Hendler, Ori
PhD student
- hendlero@post.bgu.ac.il
- Office
- 54/321
- Website
- https://www.facebook.com/ori.hendler.79
- Research topics
Visual search is a goal-oriented activity we perform daily. It involves active scanning of the environment, with the goal of locating objects of interest in the background of irrelevant distractors. Our research focuses on studying the computational mechanism underlying pop-out visual search.
In a pop-out task, the deviant object swiftly stands out and can be located with high fidelity. A widely accepted theory asserts that pop-out is computed by a winner-take-all competition between contextually modulated cells. However, past studies have shown that the ability of the winner-take-all mechanisms to accumulate information from large populations of neurons is limited; thus, raising the question of whether winner-take-all can underlie pop-out visual search.

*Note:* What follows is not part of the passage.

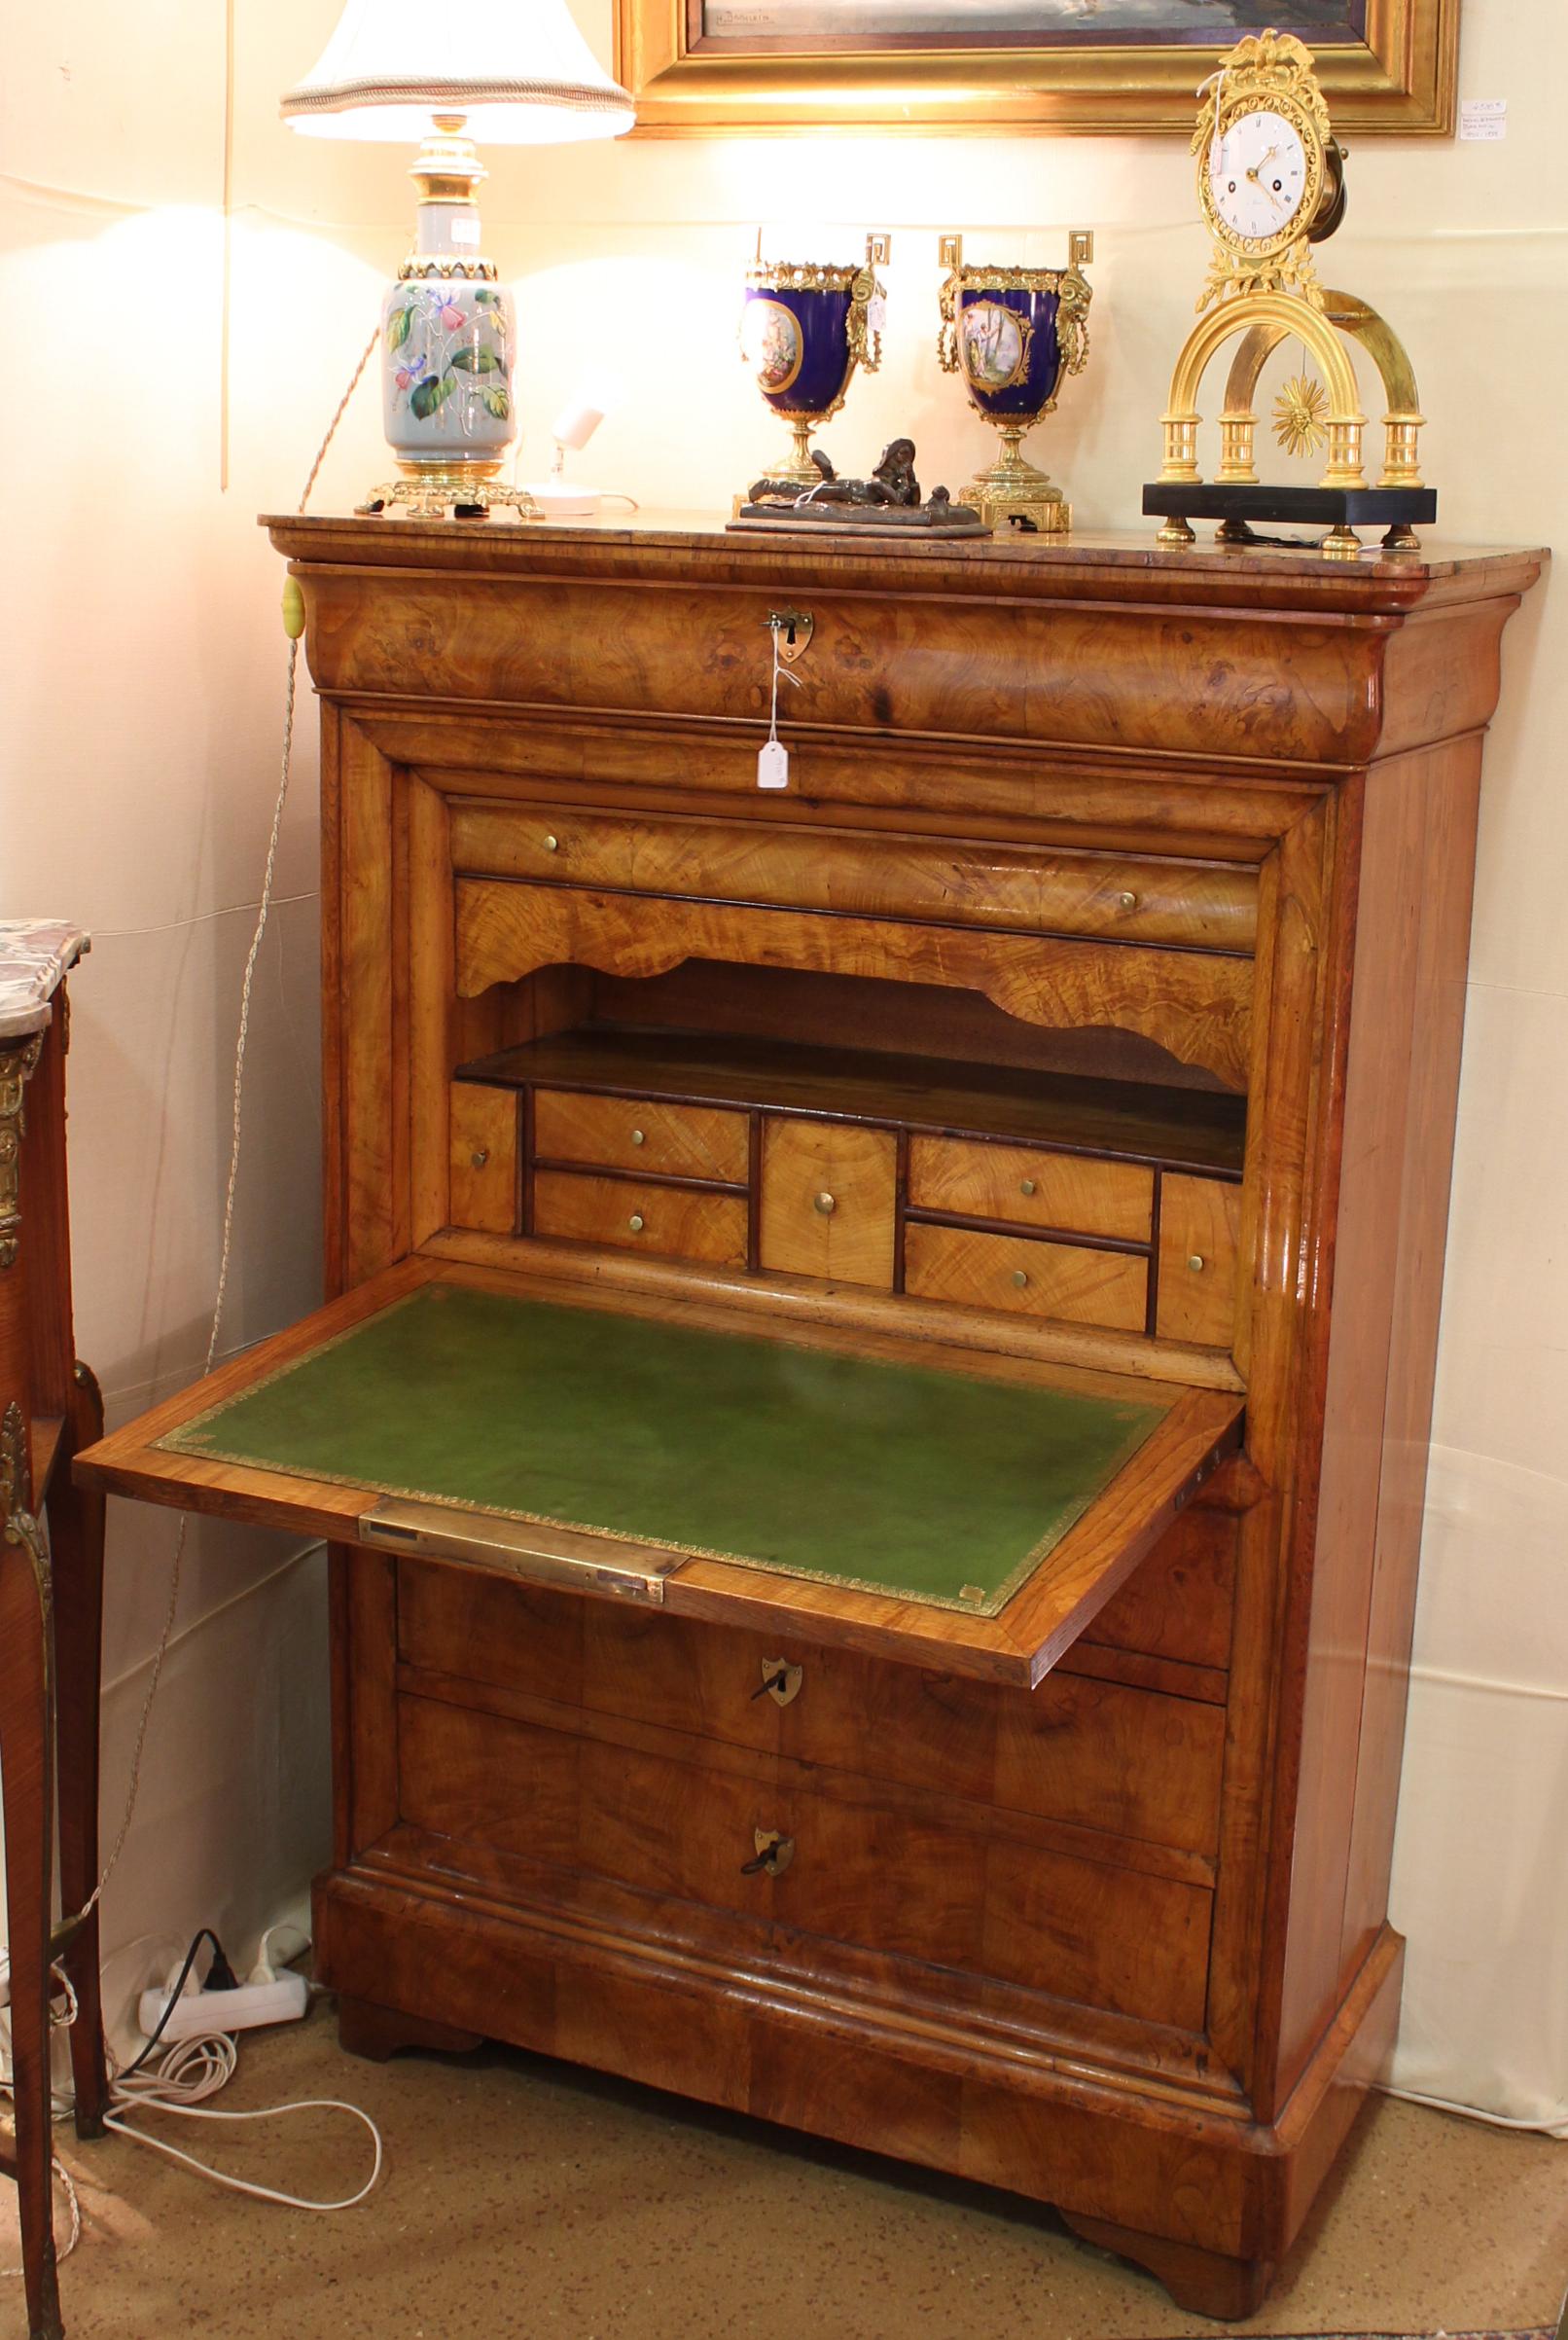 ric de br geot antiquit s. Black Bedroom Furniture Sets. Home Design Ideas

To address this question, we studied the pop-out task from the perspective of a readout mechanism and investigated the accuracy with which a winner-take-all mechanism can detect the deviant stimulus. We find that the performance of the winner-take-all deteriorates rapidly when the number of distractors is increased while improving slowly with the number of neurons in each population. Moreover, applying the winner-take-all readout to electrophysiological data reveals that the inherent neuronal heterogeneity prevents the winner-take-all mechanism from achieving reasonable performance even in simple tasks with a small number of distractors.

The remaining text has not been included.